## DATA BELOW:
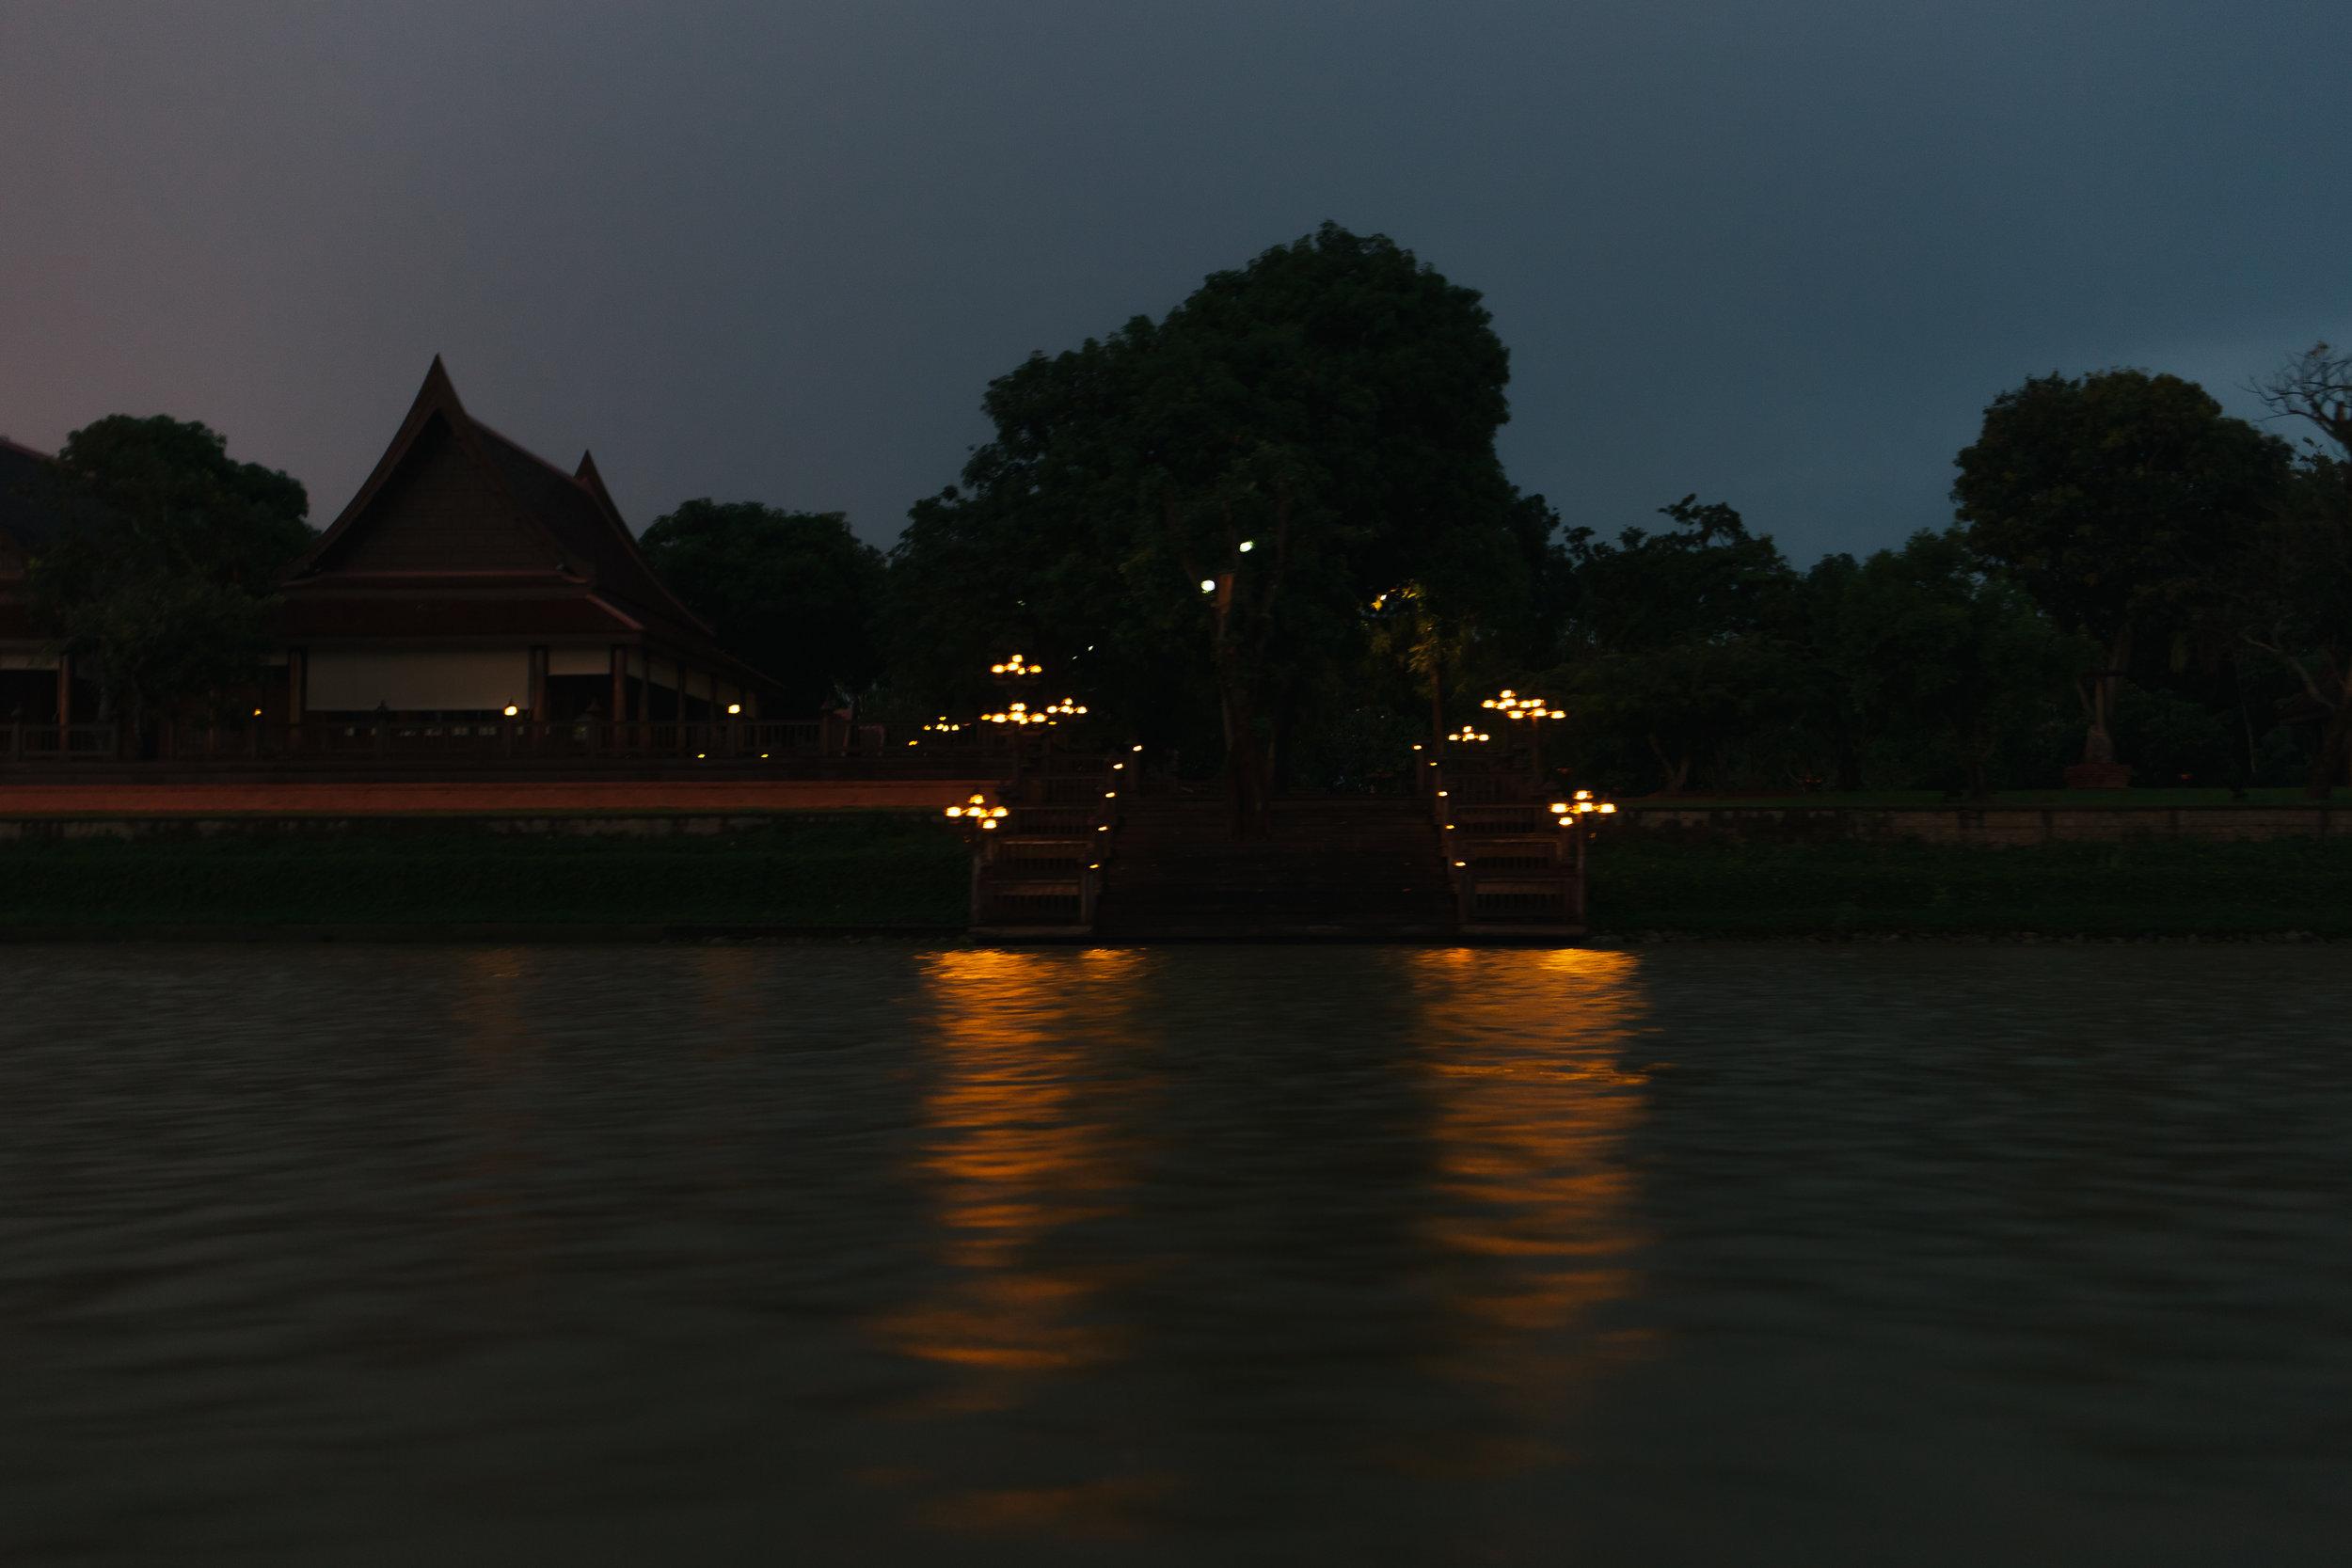 thailand_lampang_ayuthaya_train (20 of 77).jpg
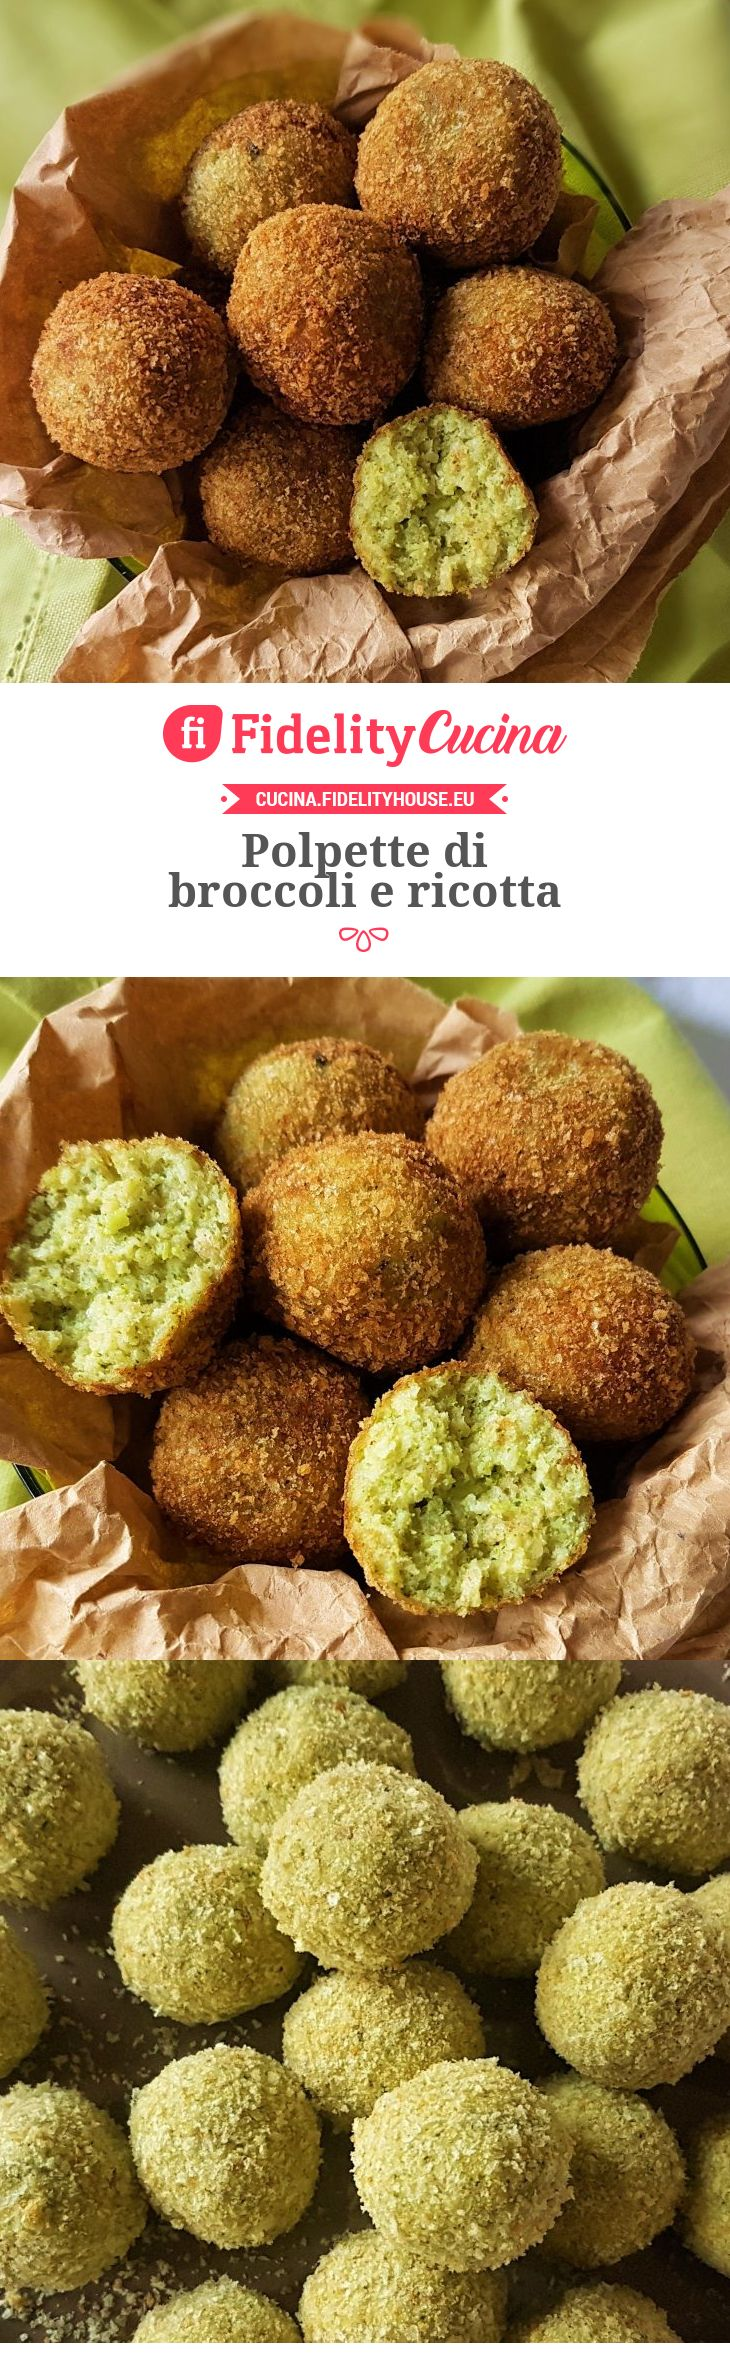 Polpette di broccoli e ricotta
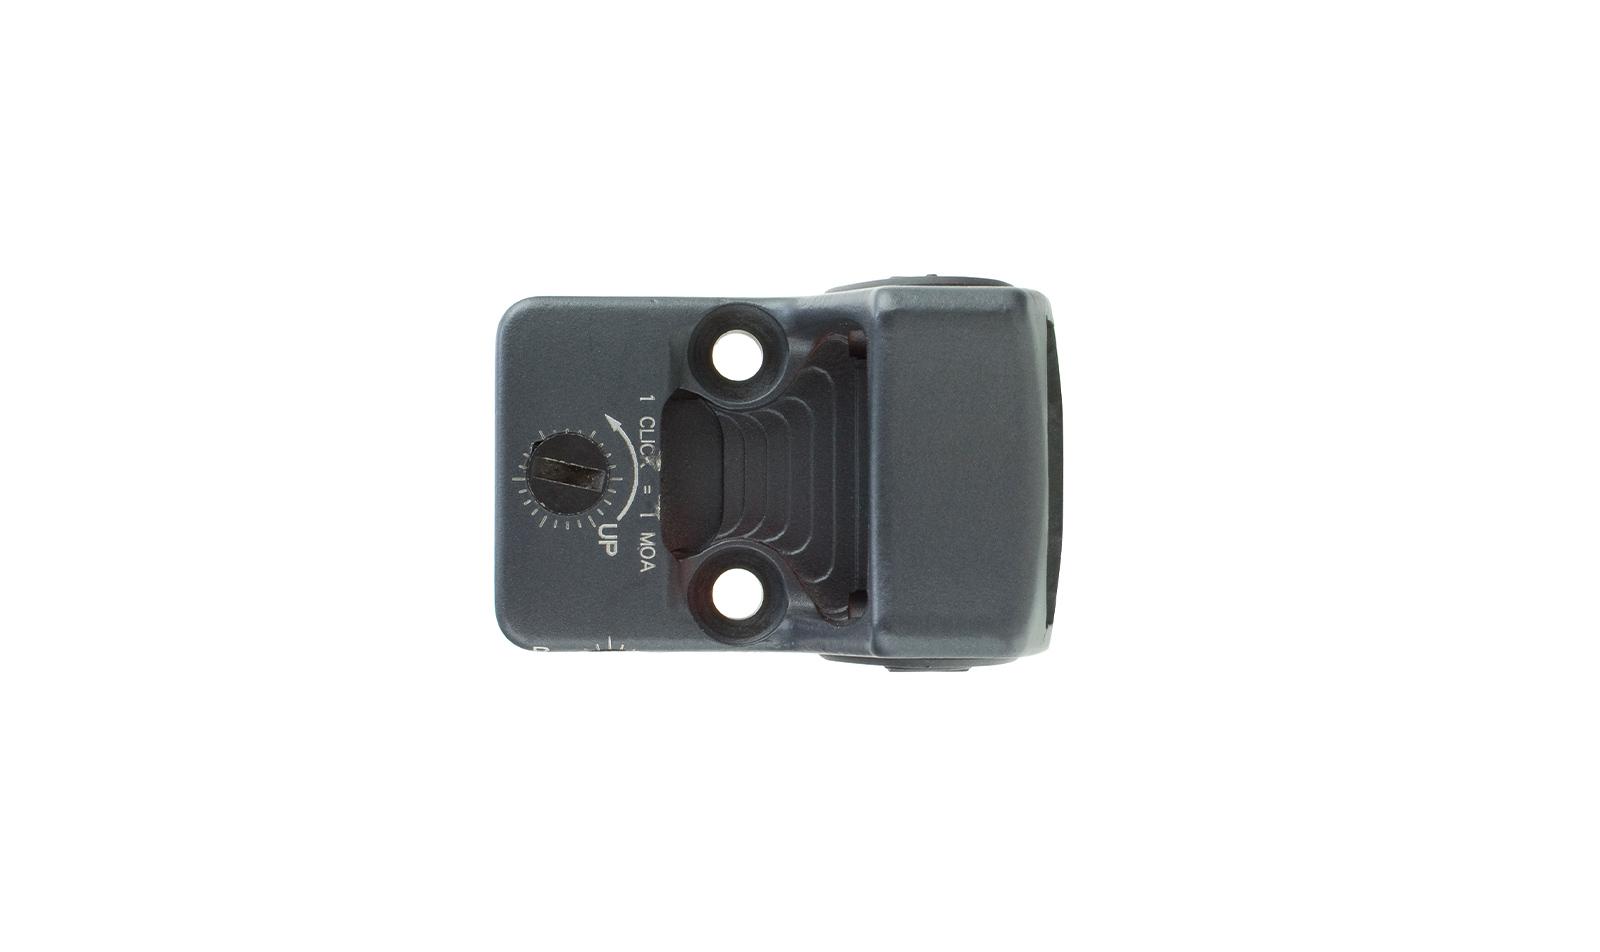 RM07-C-700715 angle 9
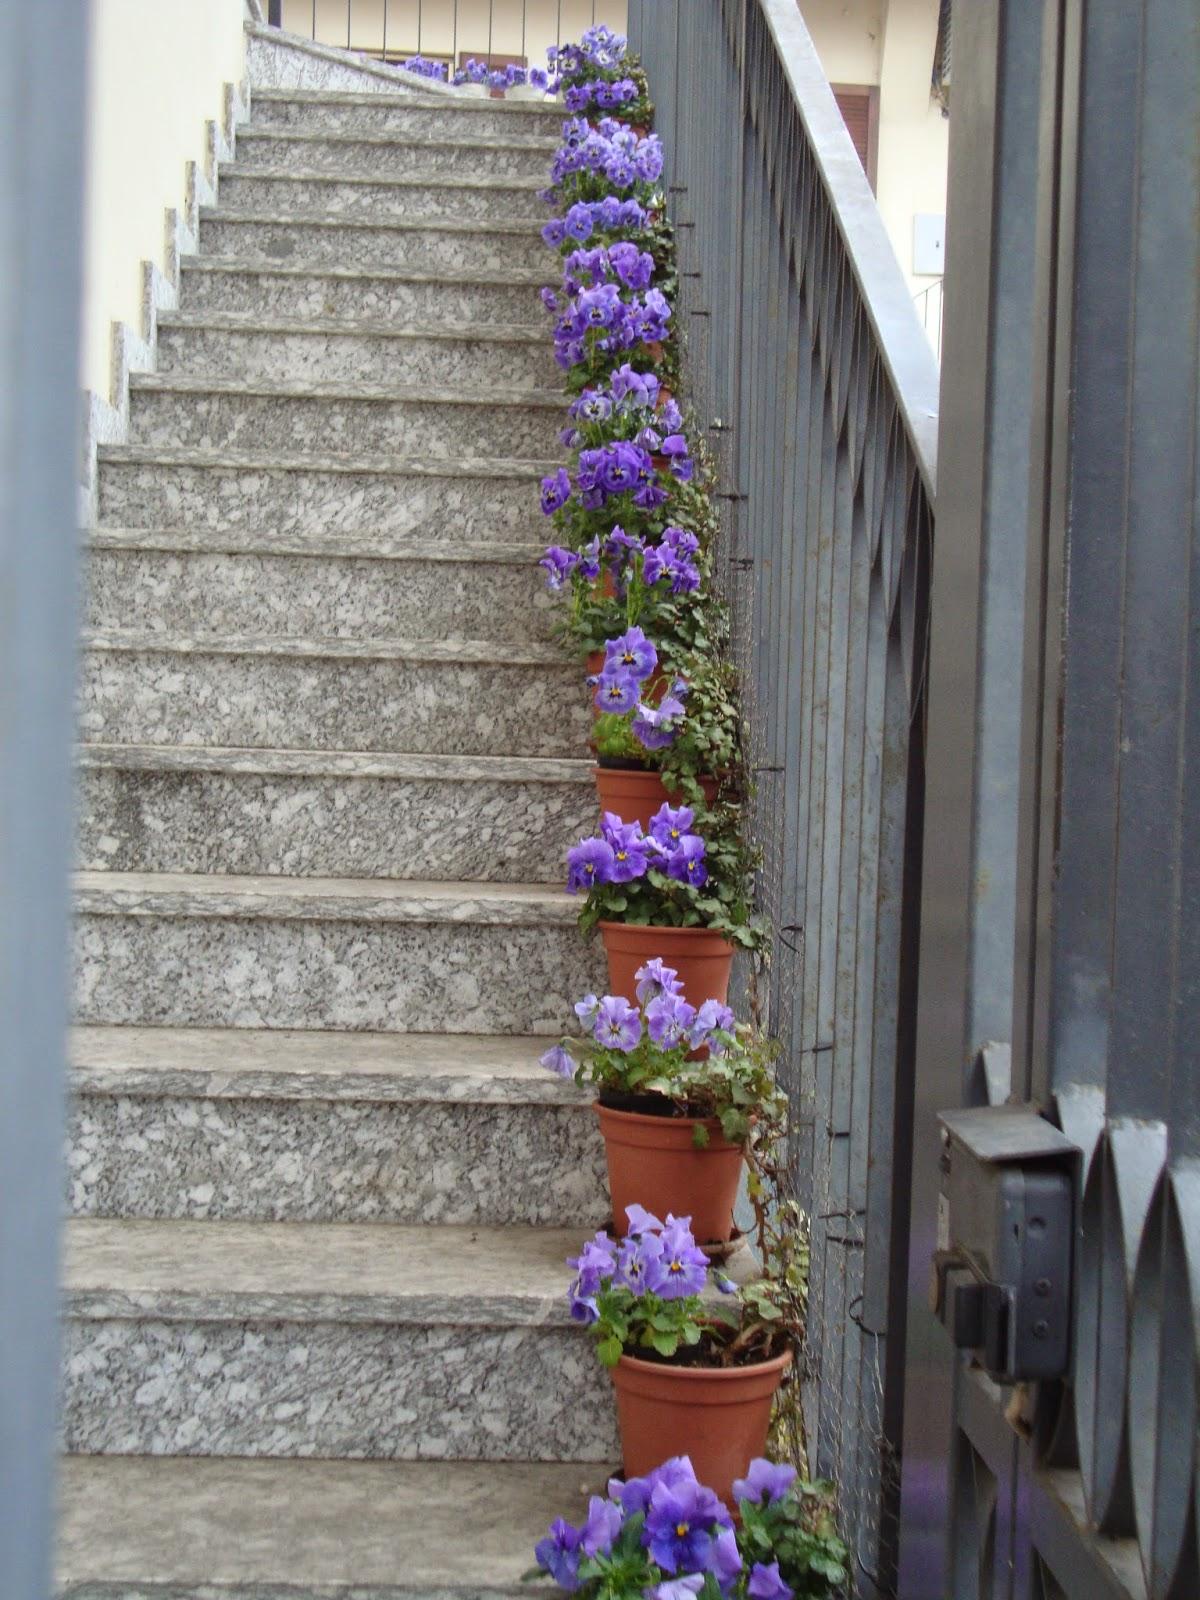 Un piccolo giardino in citt una lunga scala di fiori - Scale in giardino ...

## TASK OBJECTIVE:
Retype word for word all the material given above, and keep the pictures out.

## WRITTEN REPLY:
 thailand_lampang_ayuthaya_train (20 of 77).jpg
 Polpette di broccoli e ricotta
 RM07-C-700715 angle 9
 Un piccolo giardino in citt una lunga scala di fiori - Scale in giardino ...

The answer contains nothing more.